RECORDS FOR THIS TASK:
--

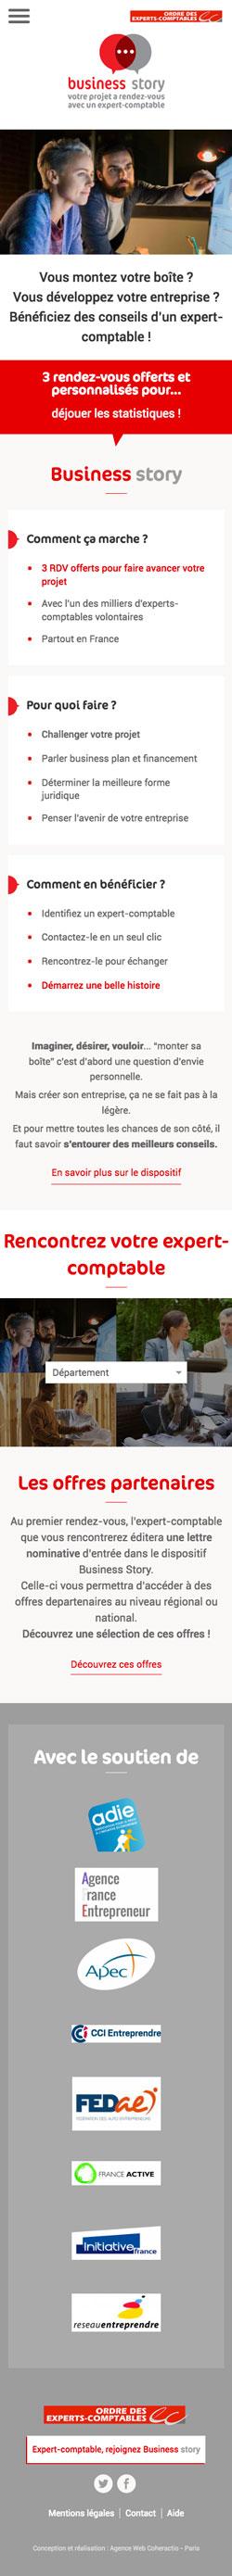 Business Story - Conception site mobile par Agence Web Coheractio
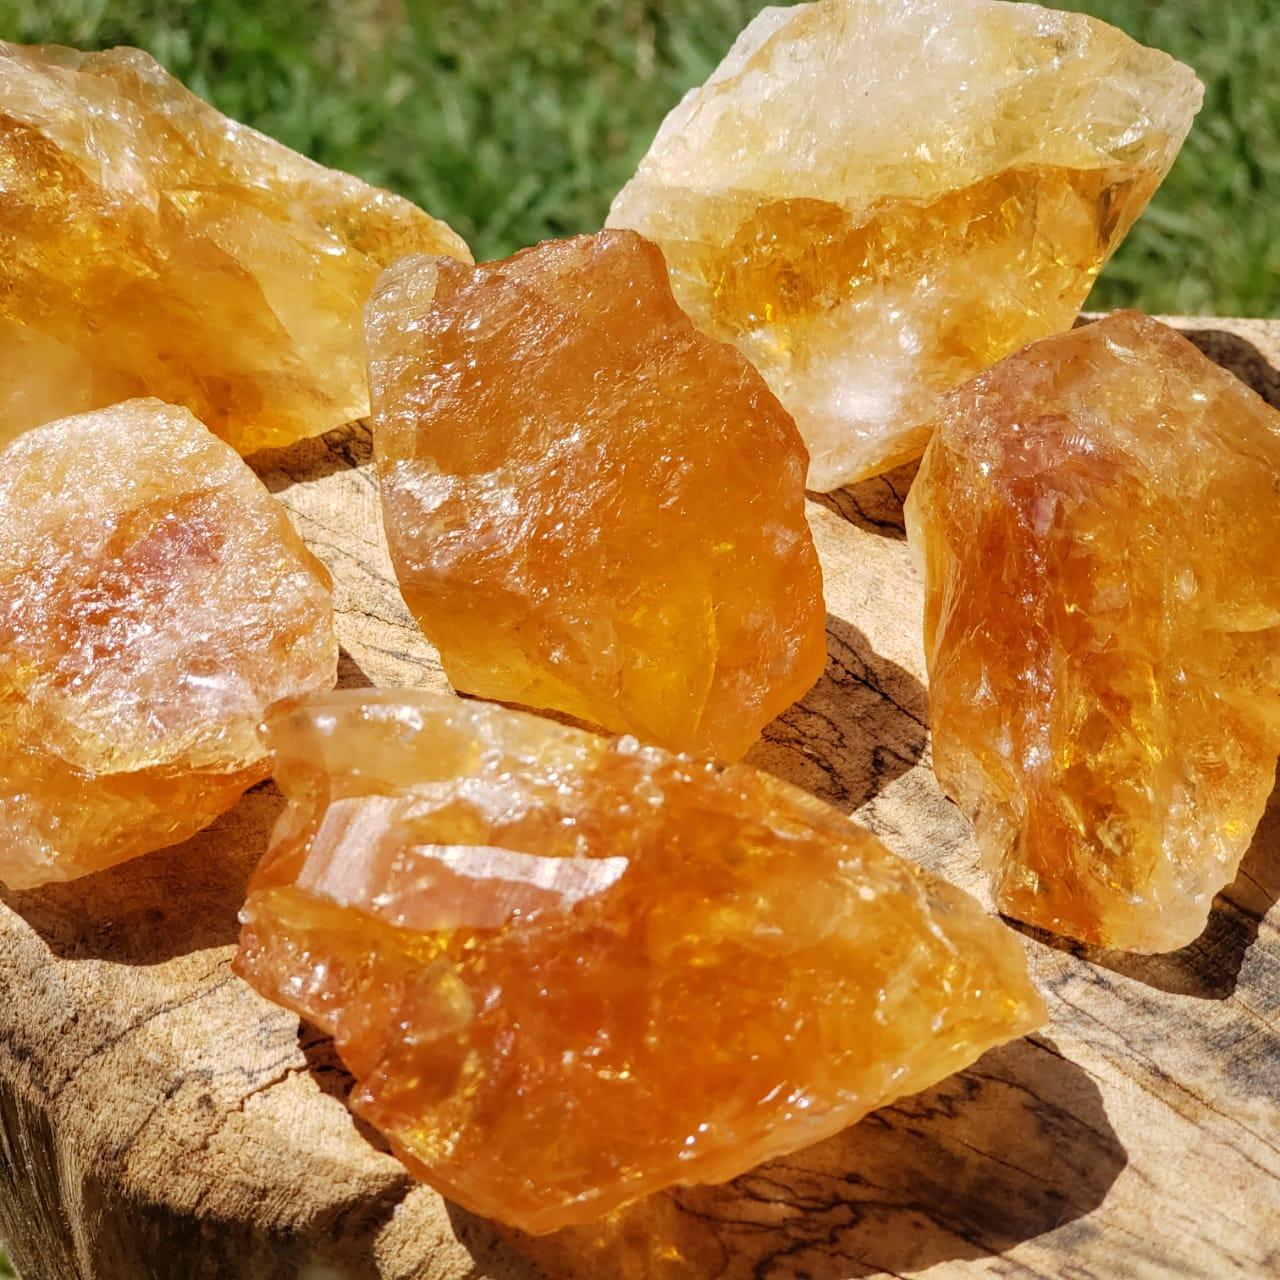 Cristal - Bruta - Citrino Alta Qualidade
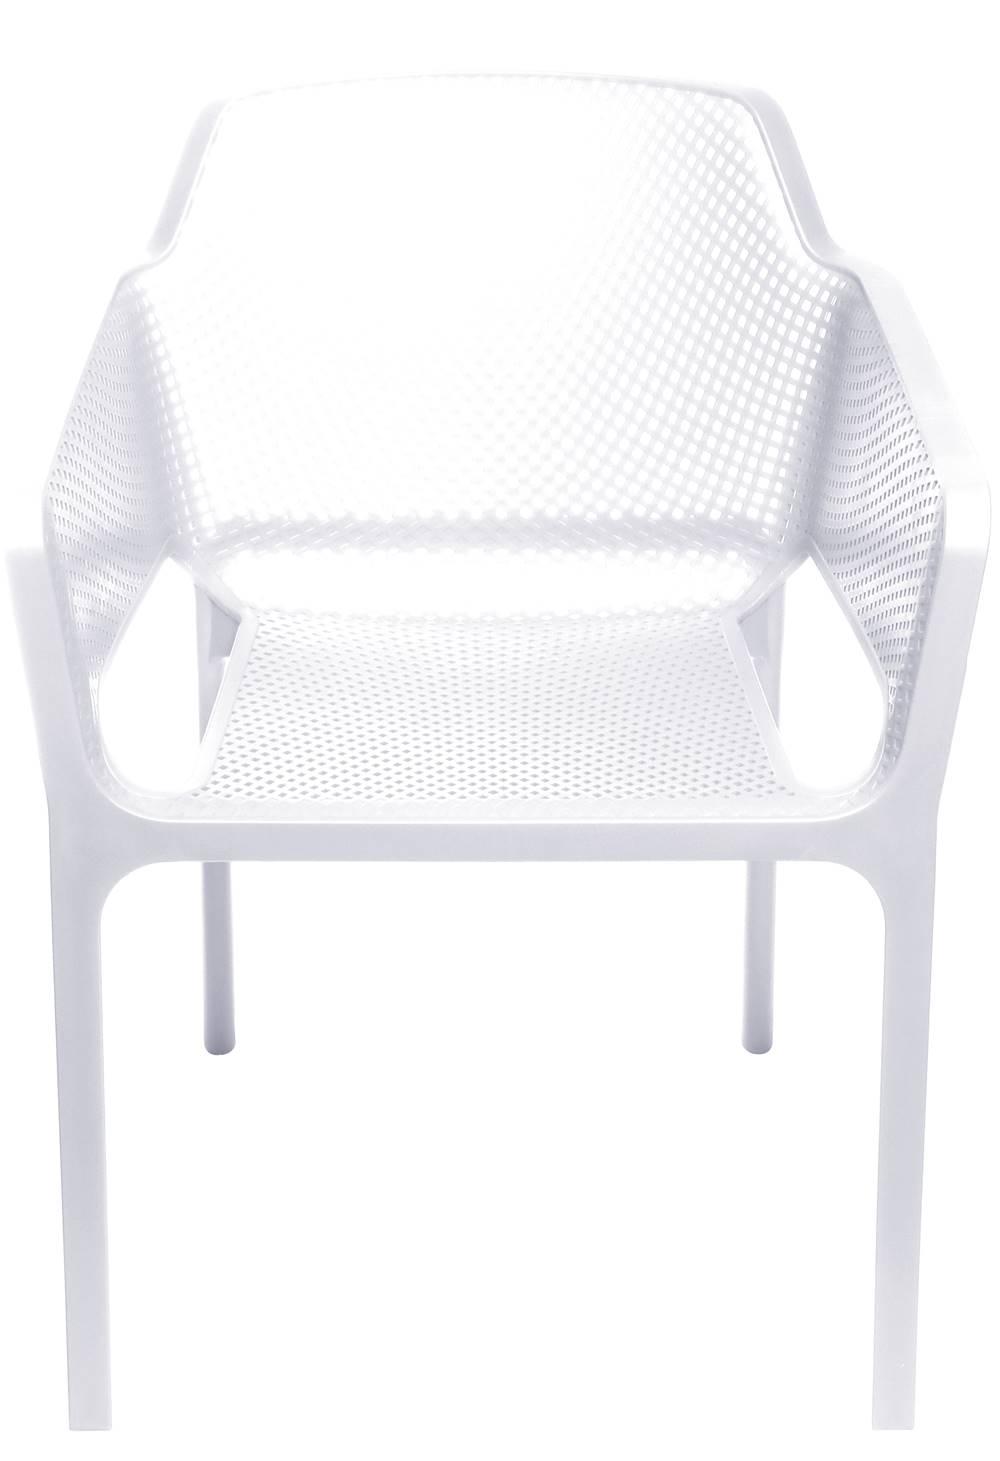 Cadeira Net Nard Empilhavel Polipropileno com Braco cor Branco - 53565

--

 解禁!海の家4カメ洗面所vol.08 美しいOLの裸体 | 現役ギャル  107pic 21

--

PROBLEM TO WORK ON: Nothing outside the stretch above, from the line with "Business Story - Conception" through the line with "Cadeira Net Nard", is set down. Transcribe that stretch exactly, ends included, but not its pictures.

SOLUTION TO THE PROBLEM:
 Business Story - Conception site mobile par Agence Web Coheractio
 Cristal - Bruta - Citrino Alta Qualidade
 Cadeira Net Nard Empilhavel Polipropileno com Braco cor Branco - 53565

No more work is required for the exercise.